The young man in the reported case had Marfan syndrome, a heritable autosomal-dominant disorder. It results from mutations in the genes coding for fibrillin-1, an integral component of elastin.[1] As a consequence, there is alteration in the quantity and quality of elastin, manifesting as a multisystemic disorder. Of clinical consequence is the involvement of the cardiovascular system, where abnormal aortic elasticity leads to aortic regurgitation and/or aneurysm.[2] Both features were present in the case presented. A more ominous complication is aortic dissection (AD), which has been traditionally classified on the basis of the extent of aortic involvement i.e. the Debakey and Stanford classifications.[3] The European Society of Cardiology classification has categorized AD into Classes 1 to 5, depending on the pathogenetic mechanisms.[4] Class 3 lesion has been described as "a stellate or linear intimal tear associated with exposure of underlying aortic media or adventitial layers" and importantly devoid of "progression and separation of the medial layers".[5] This description aptly fits with the gross morphology of the ascending aorta excised in this patient. These subtle forms of dissection are unusual and rare, discovered incidentally as they are not discernible on the current noninvasive imaging modalities such as transesophageal echocardiography, computed tomography or even cardiac magnetic resonance imaging; these Class 3 lesions are best picked up by aortography.[5] Alterations in the structure of the aortic media, as evident in our case, lead to dilatation of the aorta. Being less distensible, the intima tears-that leads to the more common Class 1 lesion or the classic AD and less often to Class 3 or limited AD. Though appearing innocuous, such intimal tears can sooner or later predispose to acute AD. In addition, due to the thinness of the wall, there can be seepage of fluid with pericardial effusion or rupture with hemopericardium. To prevent this dismal prognosis, it would be important to suspect this lesion in all patients with risk factors for aortic dissection, presenting with acute aortic syndromes, but without classic imaging characteristics.

References

1Isselbacher EM. Thoracic and abdominal aortic aneurysms. Circulation 2005;111:816-28.

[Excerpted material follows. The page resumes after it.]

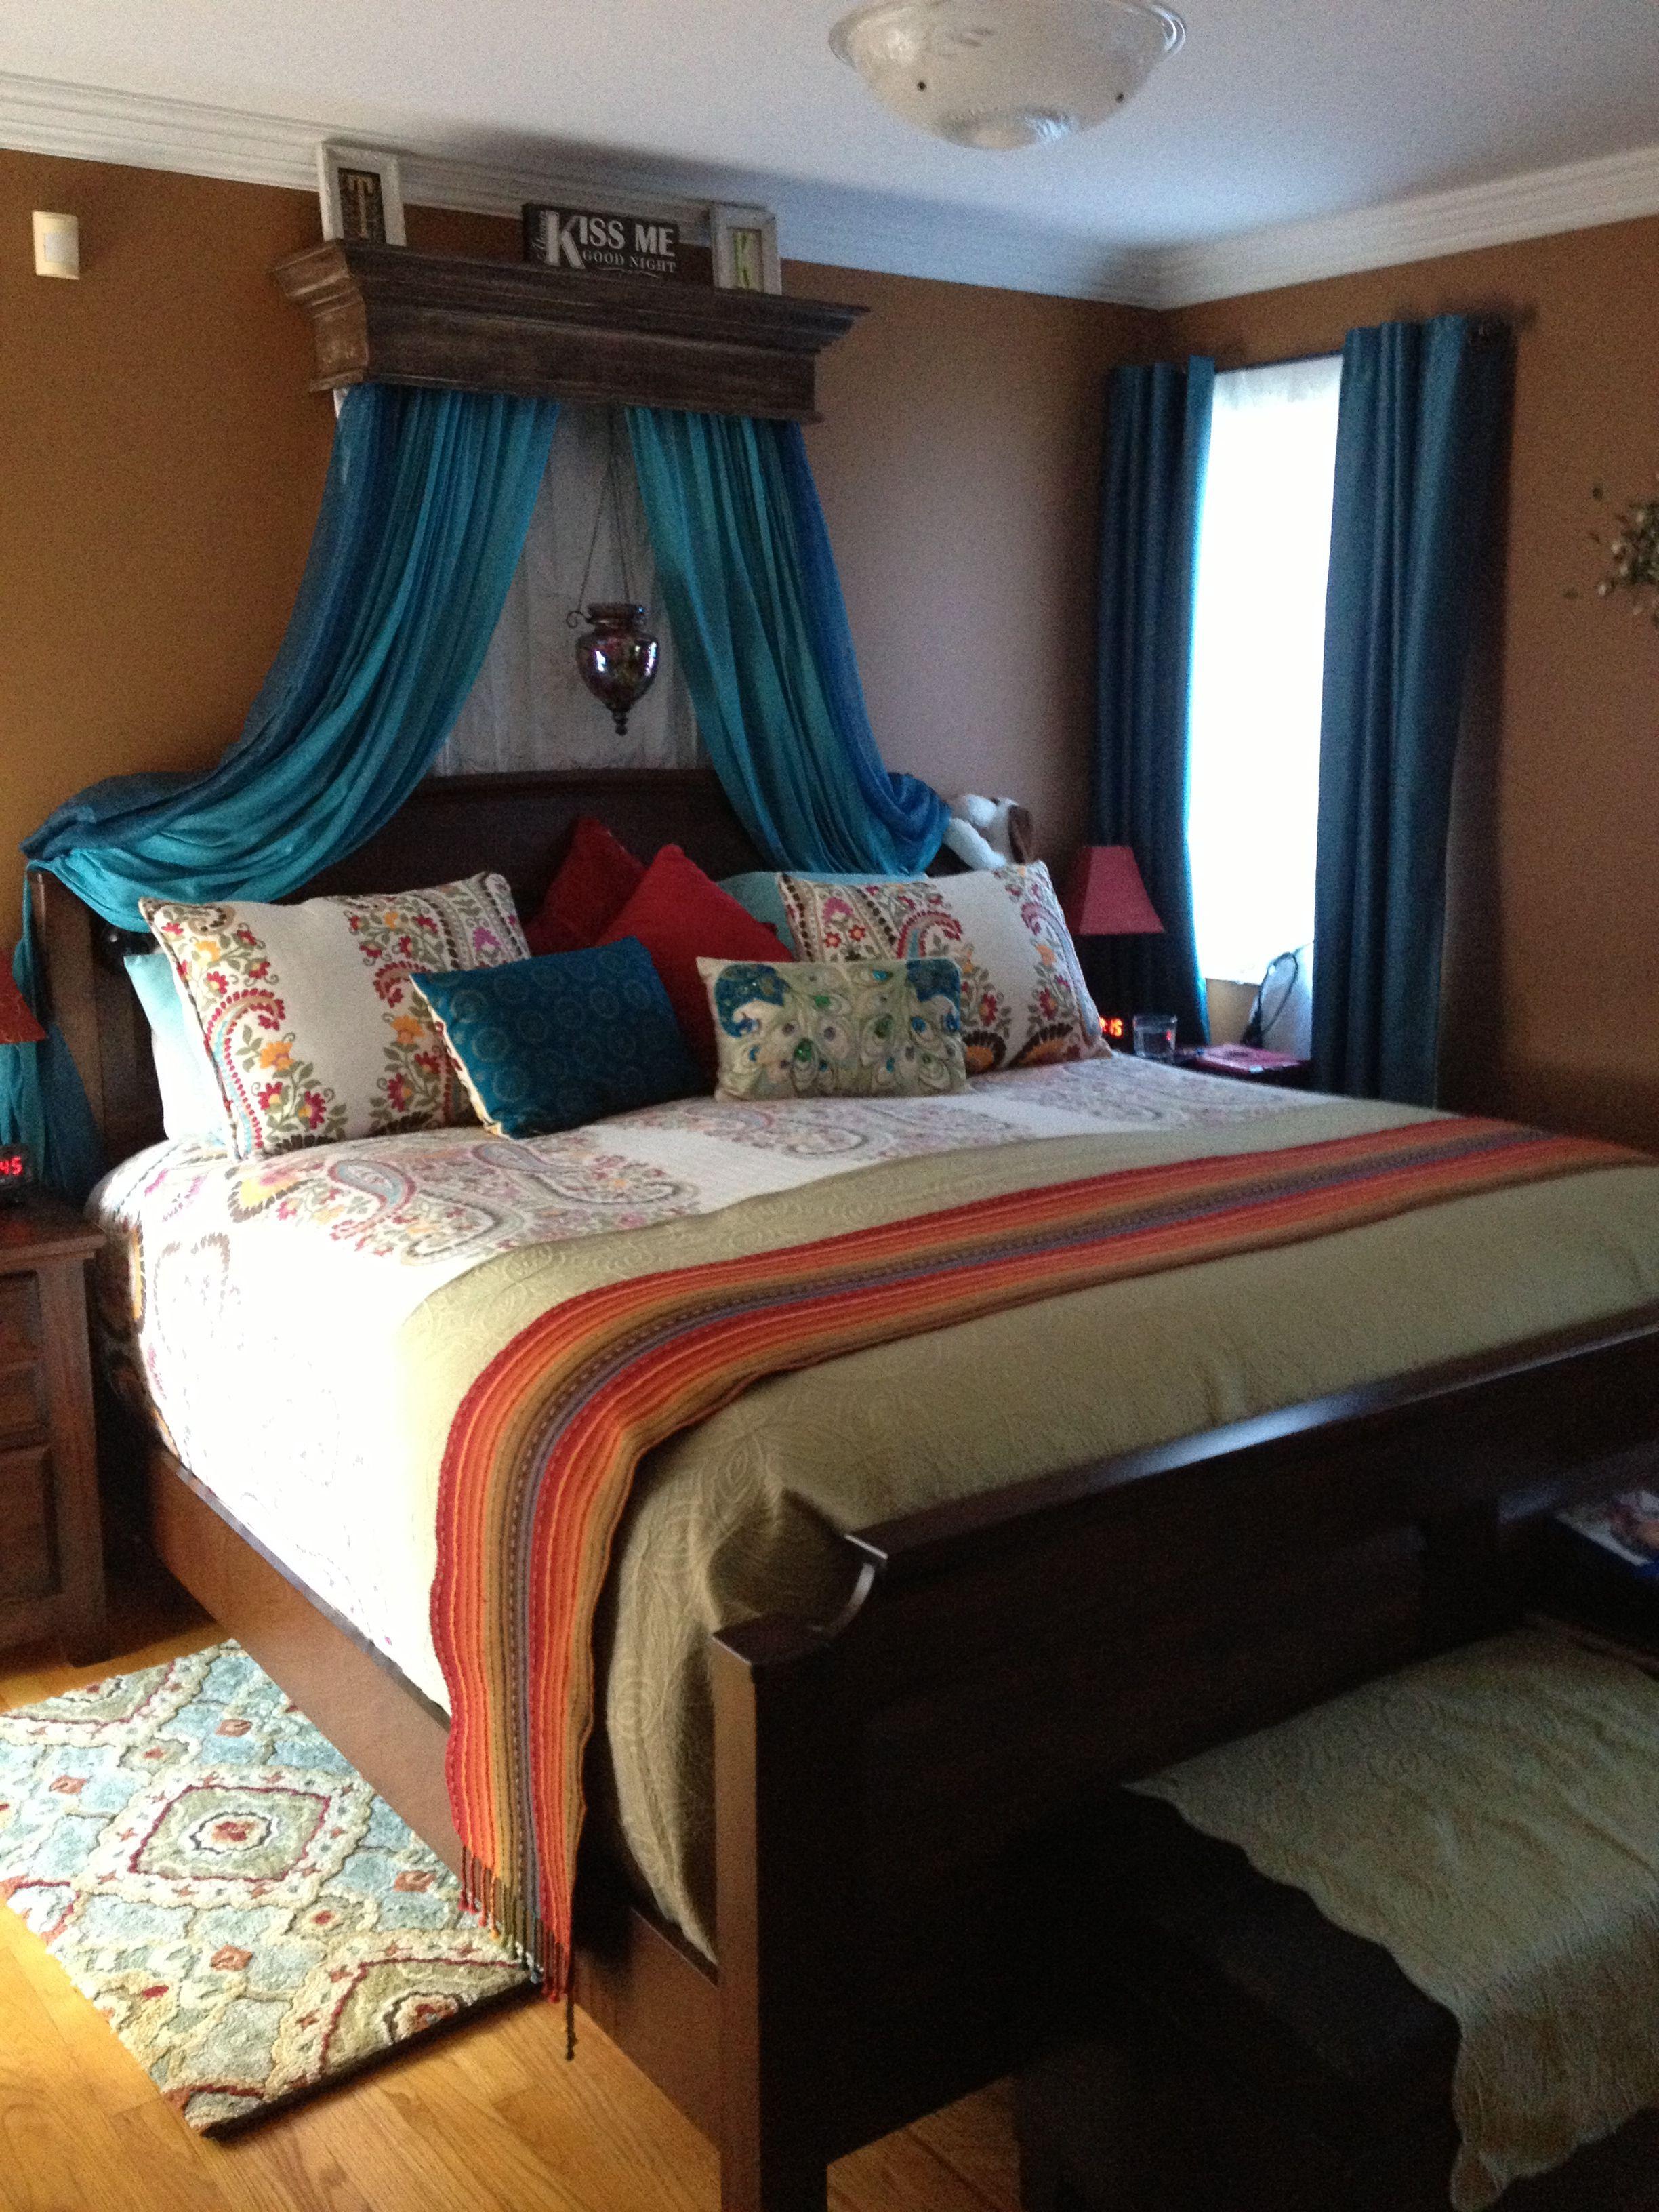 My bedroom.pier one lantern with led tea lights inside

2Jeremy RW, Huang H, Hwa J, McCarron H, Hughes CF, Richards JG. Relation between age, arterial distensibility, and aortic dilatation in the Marfan syndrome. Am J Cardiol 1994;74:369-73.

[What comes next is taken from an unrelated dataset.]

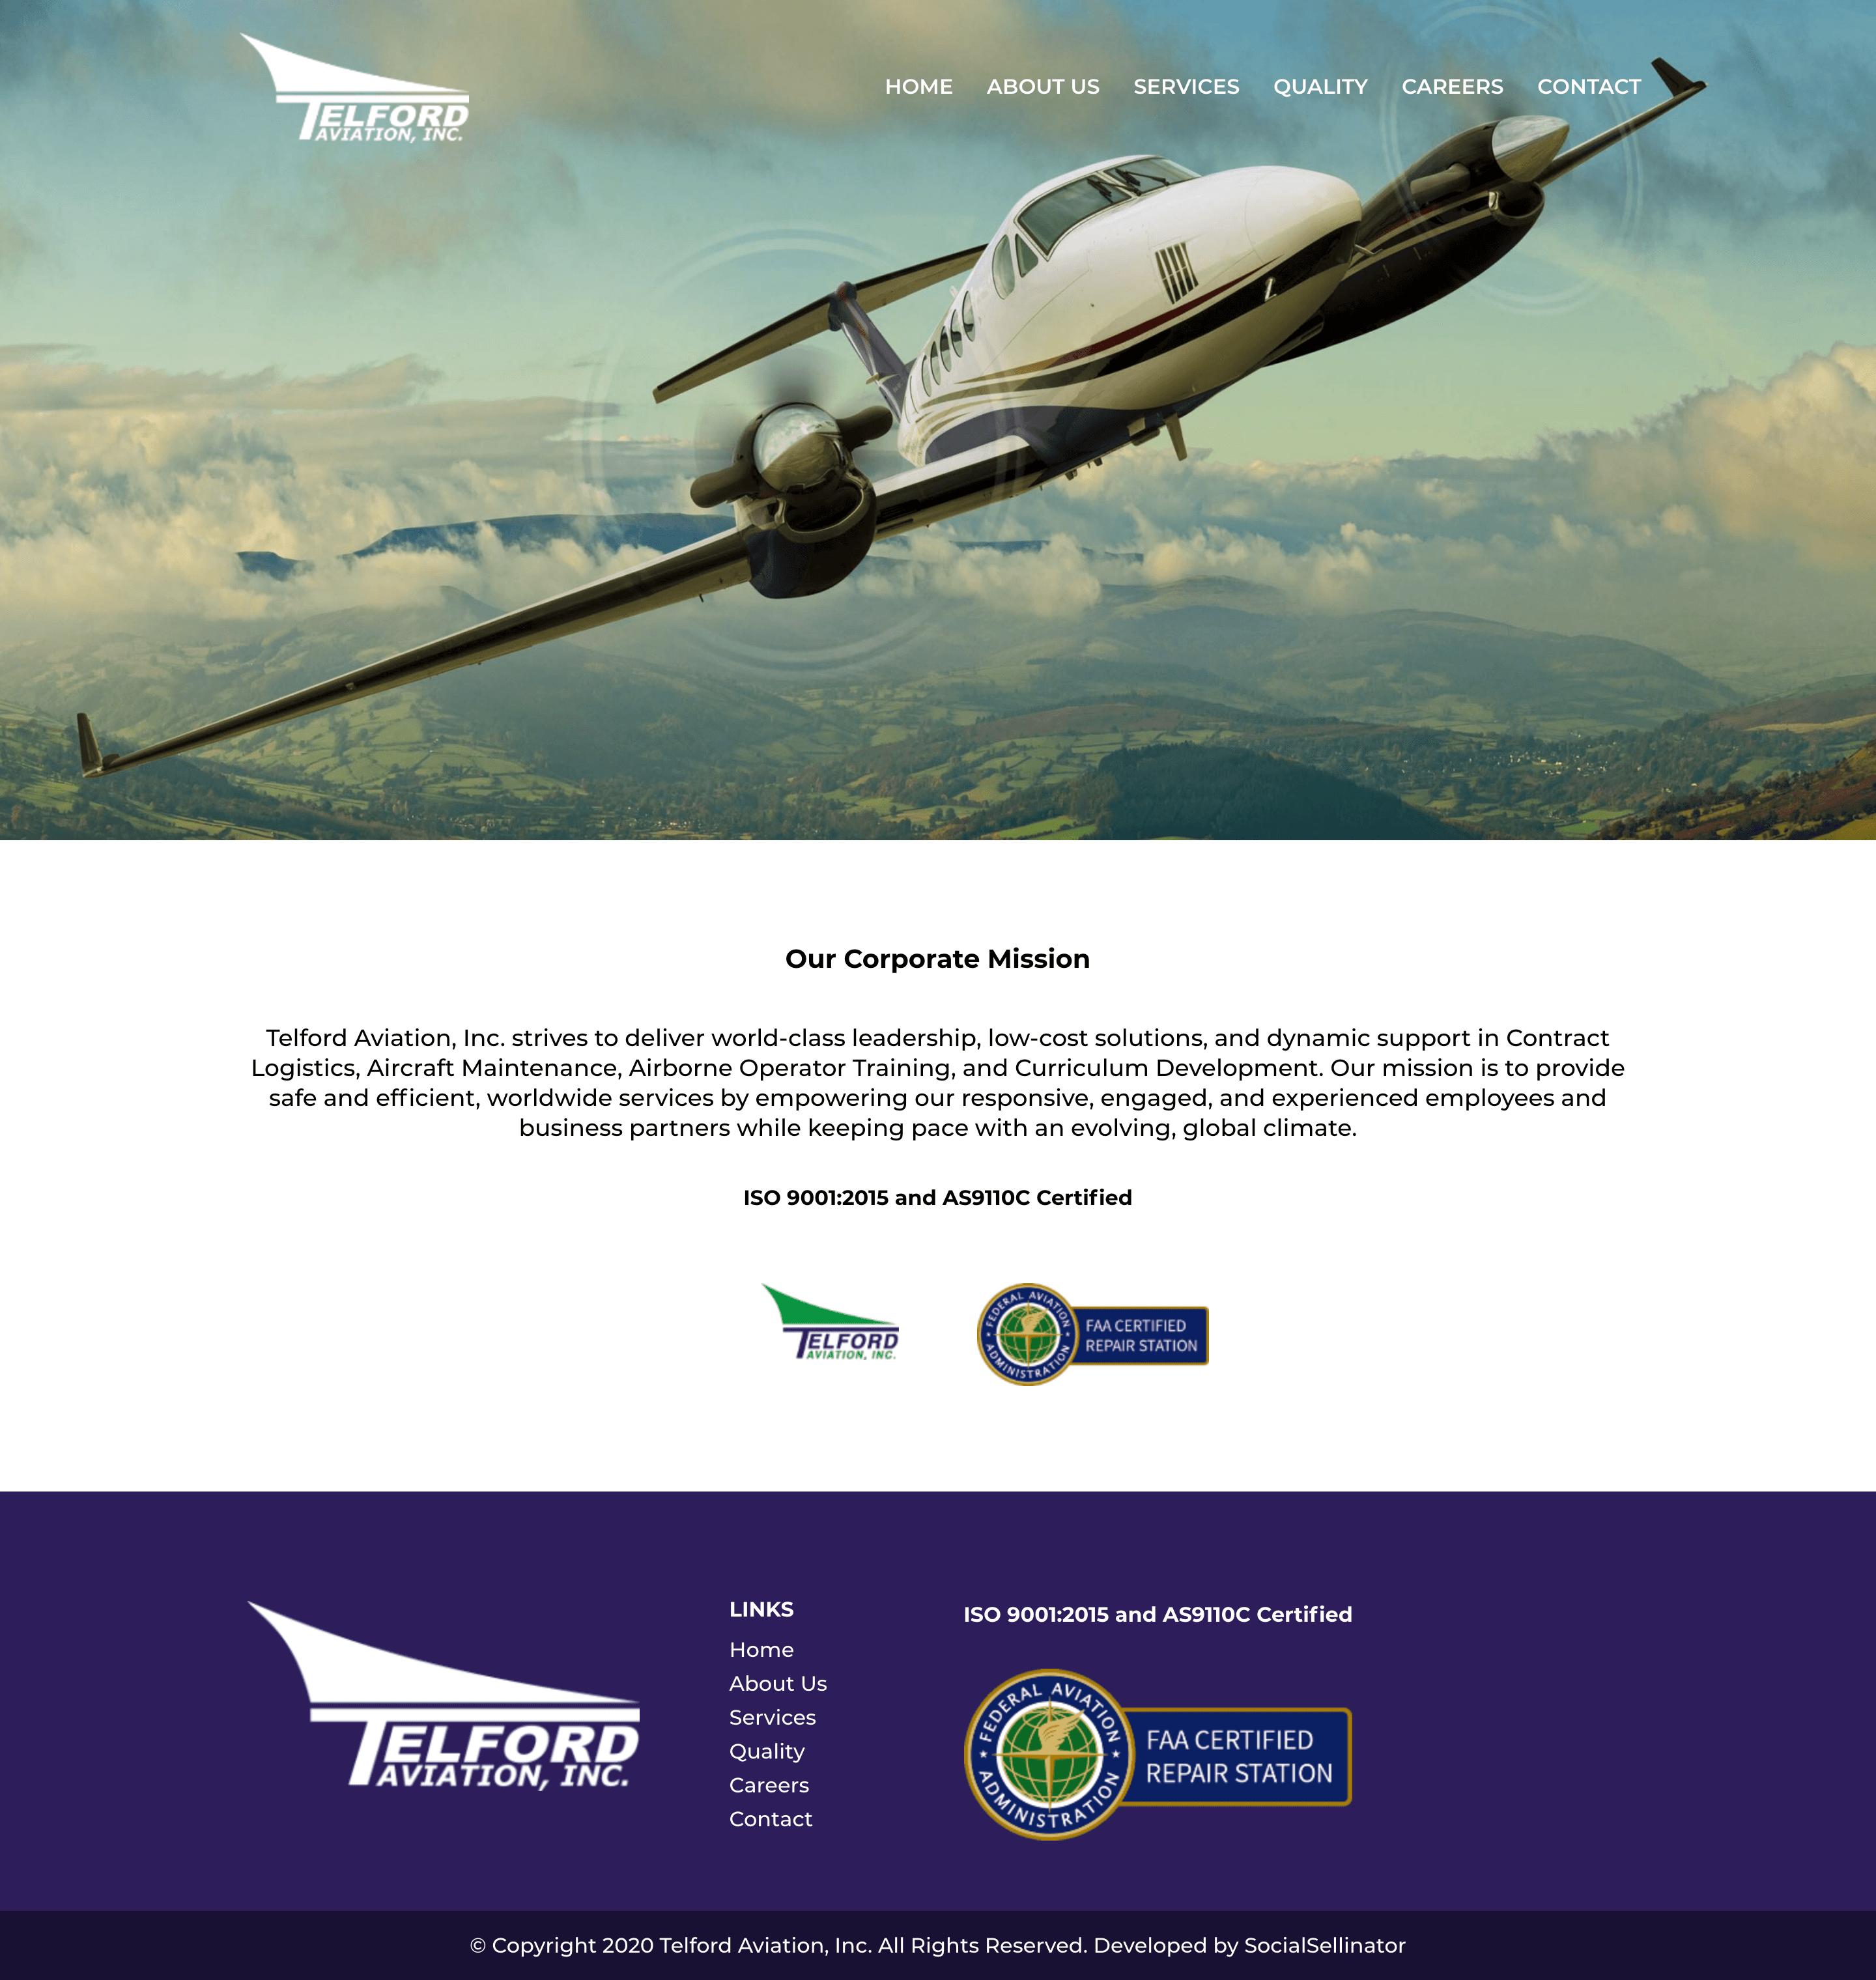 Tellford Aviation

3Nienber CA, Eagle KA. Aortic dissection: New frontiers in diagnosis and management: Part I: From etiology to diagnostic strategies. Circulation 2003;108:628-35.
4Erbel R, Alfonso F, Boileau C, Dirsch O, Eber B, Haverich A, et al. Diagnosis and management of aortic dissection. Recommendations of the Task Force on Aortic Dissection, European Society of Cardiology. Eur Heart J 2001;22:1642-81.
5Svensson LG, Lahib SB, Eisenhauer AC, Butterly JR. Intimal tear with hematoma. An important variant of aortic dissection that can elude current imaging techniques. Circulation 1999;99:1331-6.